On what is his first official visit to the country as the newly appointed president of the World Bank Group, the South Korean physician and anthropologist says he has a passion for the country, which he remembers starting as early as his childhood.

His mother was a philosopher and studied Chinese, traveling in the country often while writing on Chu Hsi - the Confucian scholar of the Song Dynasty (960-1279) and China's most influential rationalist Neo-Confucian.

And now his own 12-yearold son is also studying Chinese.

"The Korean people, in many ways, feel so close to China as there are many fundamental Chinese cultures that are similar to those in Korea. In South Korea, we still use Chinese characters," said Kim.

"I really think this closeness with China, and (my) family's enthusiasm for China, will be helpful in drawing the World Bank and China closer," he added.

Kim became the 12th president of the World Bank in July this year, after serving as president of Dartmouth College, a pre-eminent center of higher education that consistently ranks among the top academic institutions in the United States.

During four busy days in Beijing, Kim met officials from various government departments and organizations, aiming to cement the World Bank's relationship with China.

"China is very, very important for us. My meetings in Beijing and my travels during the past few days have demonstrated that we share a common passion - to do our very best to work toward ending poverty and building shared prosperity," he said.

China is the second major emerging market that Kim has visited in his six months in charge of the bank, following a trip to South Africa.

Topping his agenda while here was announcing the formation of the World Bank-China Knowledge Hub for Development, which will facilitate cooperation between Chinese and international experts aimed at spreading practical knowledge from China's successes in reducing poverty both within China as well as to other countries.

"The hub will play an important role, by making China's lessons available to the world," said Kim.

Kicking off that cooperation, he and Vice-Premier Li Keqiang have agreed to carry out a special report on China's rapid urbanization process, in a bid to help the country better implement and advance the process, as well as using the experiences to educate other economies going through similar processes.

Managing urbanization is a priority for China, with about 75 percent of its GDP generated in the largest 120 cities, and 350 million rural residents expected to move into cities over the next 20 years. That means about 14 million more urban residents each year.

Kim said China's urbanization strategy is clearly very well advanced.

But "what we would like to do is to simply help China to collect the experiences. At the same time, from all over the world, we are going to collect the experiences of urbanization that we think have been successful".

He added the planned document will not just be for China, but also for other countries.

The report, however, is far from the first time the two sides have worked together.

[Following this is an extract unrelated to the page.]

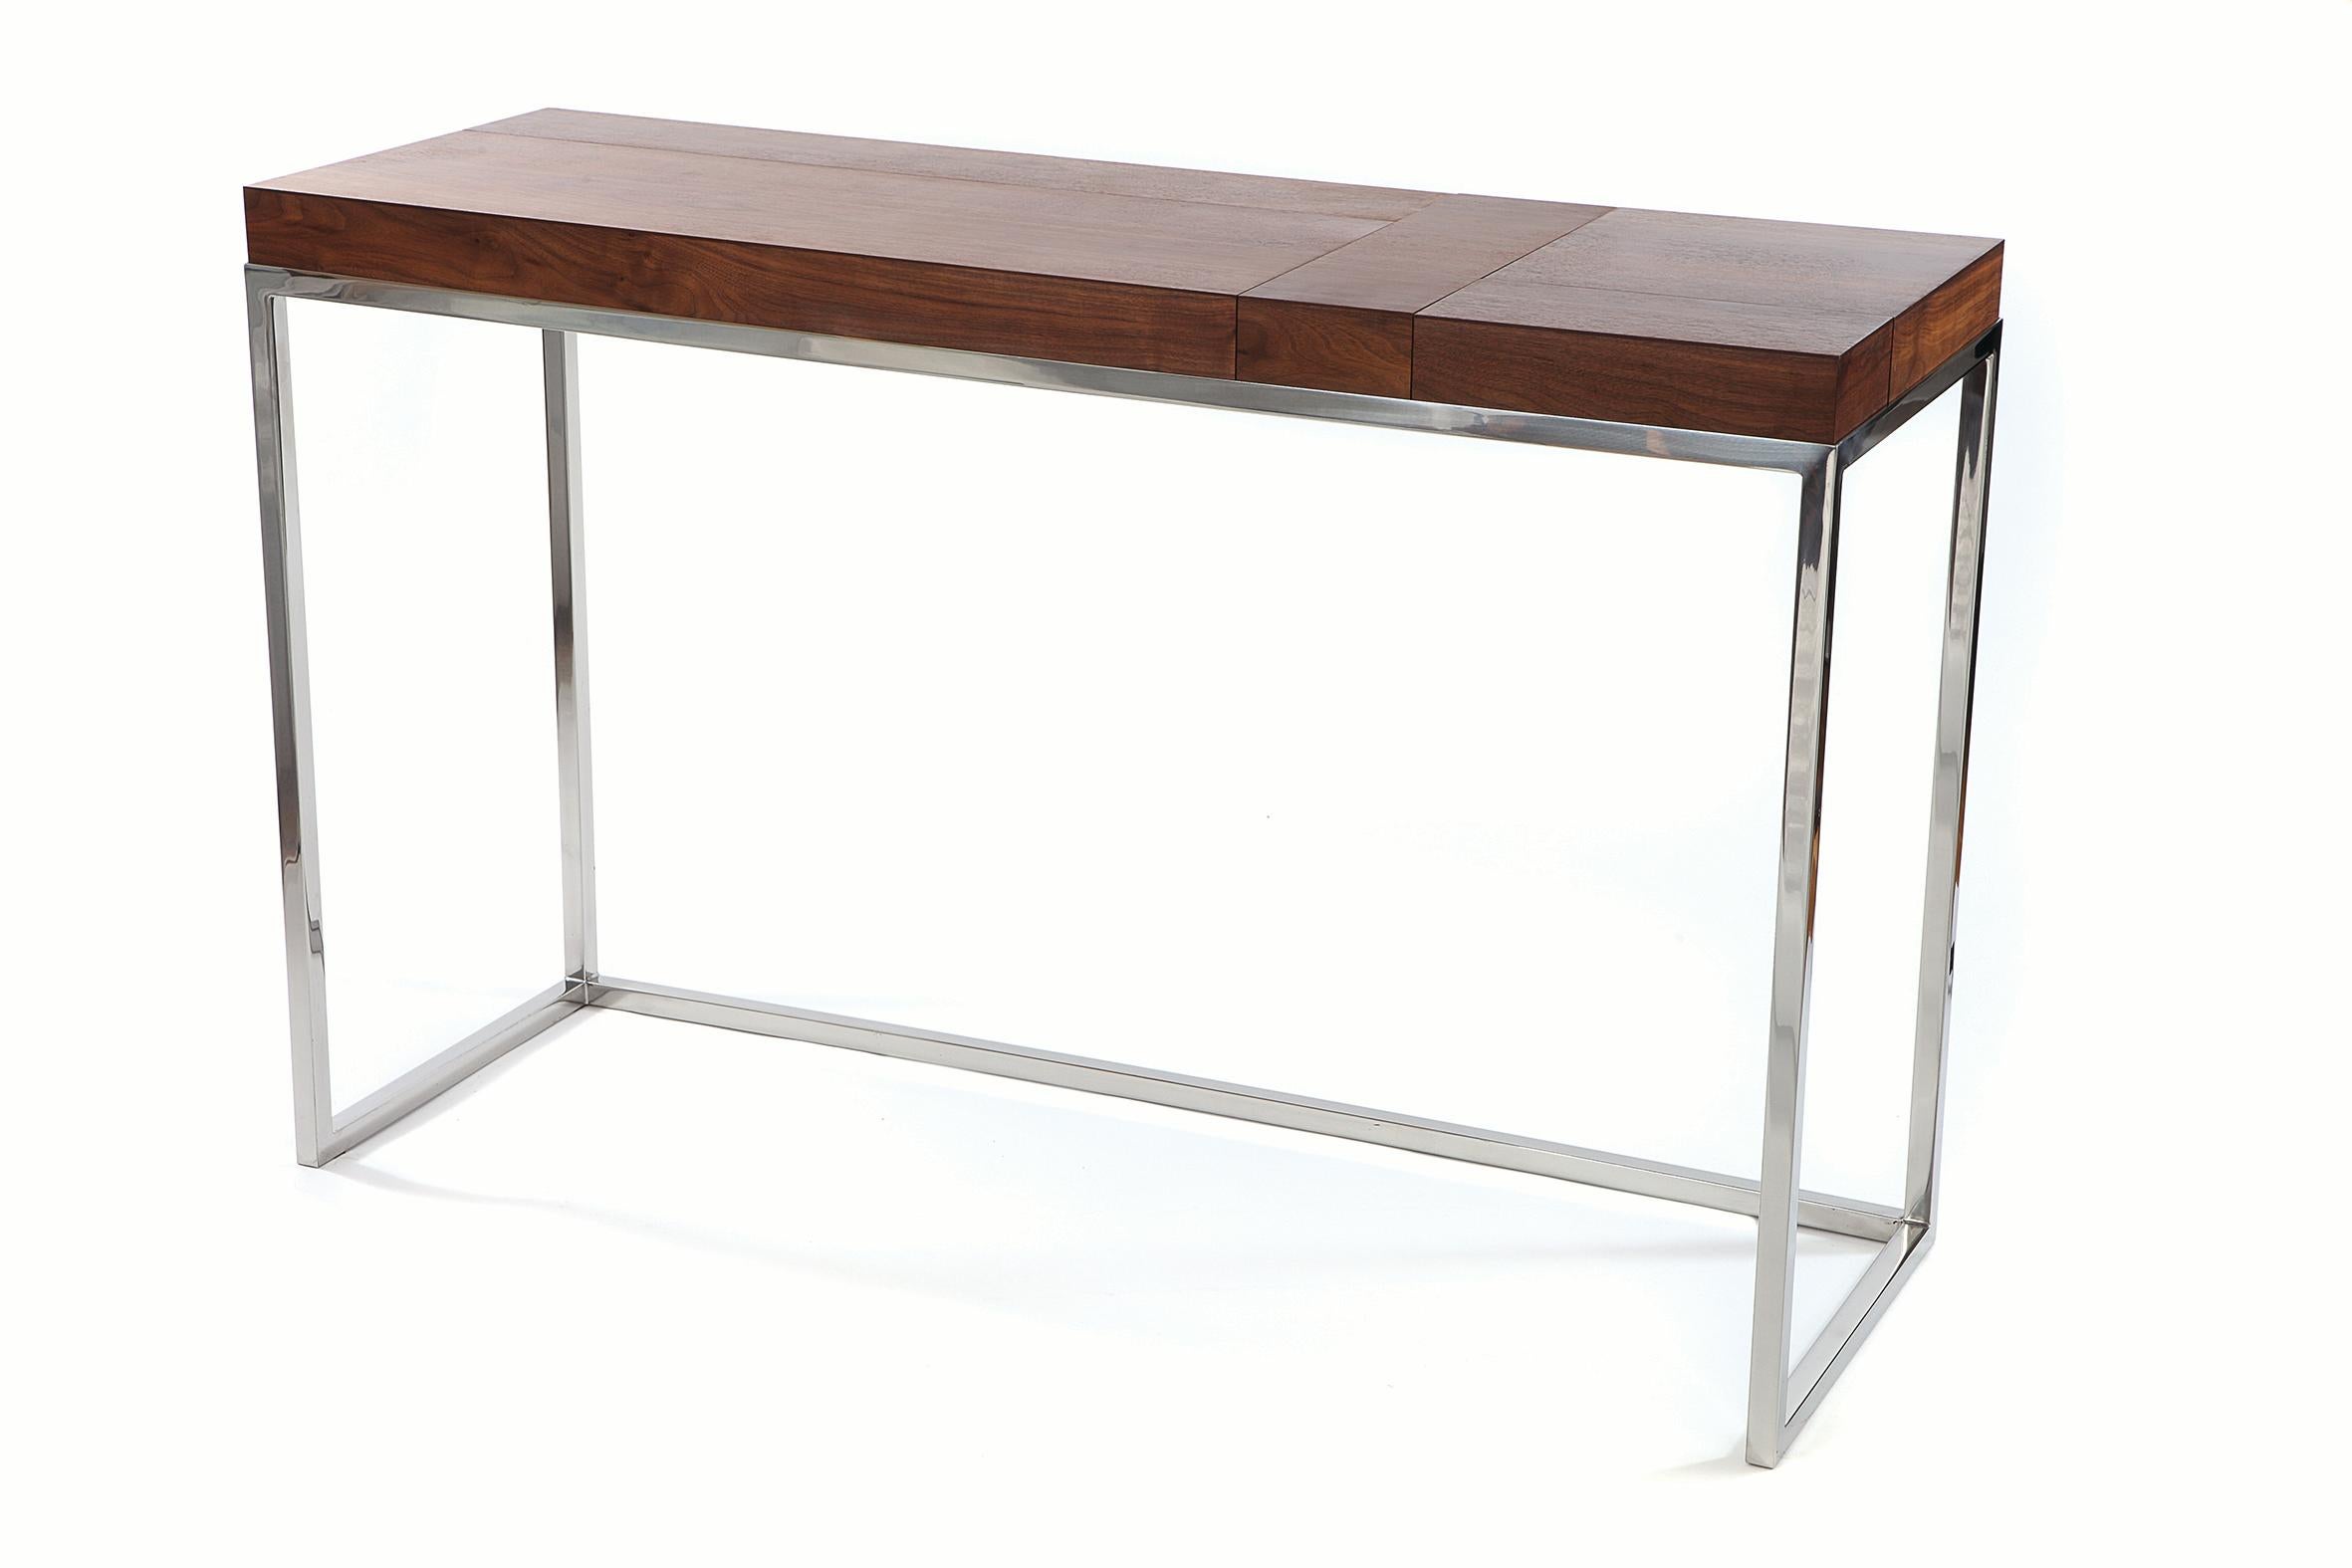 The Greta console consists of five trays; beautifully crafted from American walnut and set within a polished stainless-steel frame. Its 2” deep trays are ideal for the storage and display of personal belongings and accessories, such as jewelry, a

The bank has been supporting projects - through loans and knowledge transfer - in China for many years, and the "partnership has remained strong", added Kim.

A previous jointly produced report, the China 2030 Report, concluded that the country was likely to become both the largest, and a high-income economy before 2030.

However, it also warned that for China to fulfill that destiny, reforms and a new development strategy are needed.

The planned knowledge hub and the joint urbanization study form an important early part of Kim's overall strategy for the World Bank, which he said will see it become more of a "solutions bank".

" I really think this closeness with China, and (my) family's enthusiasm for China, will be helpful in drawing the World Bank and China closer. "

Jim Yong Kim

World Bank President

Kim said he expects to build the organization into an entity that reduces poverty by applying "evidence-based, non-ideological solutions to development challenges".

"I am a development practitioner. For me, knowledge is something very specific; it's data experience, and the result of experimentation," he said.

"The strength of the World Bank is both knowledge creation and taking knowledge and helping countries like China use that knowledge by putting it into action."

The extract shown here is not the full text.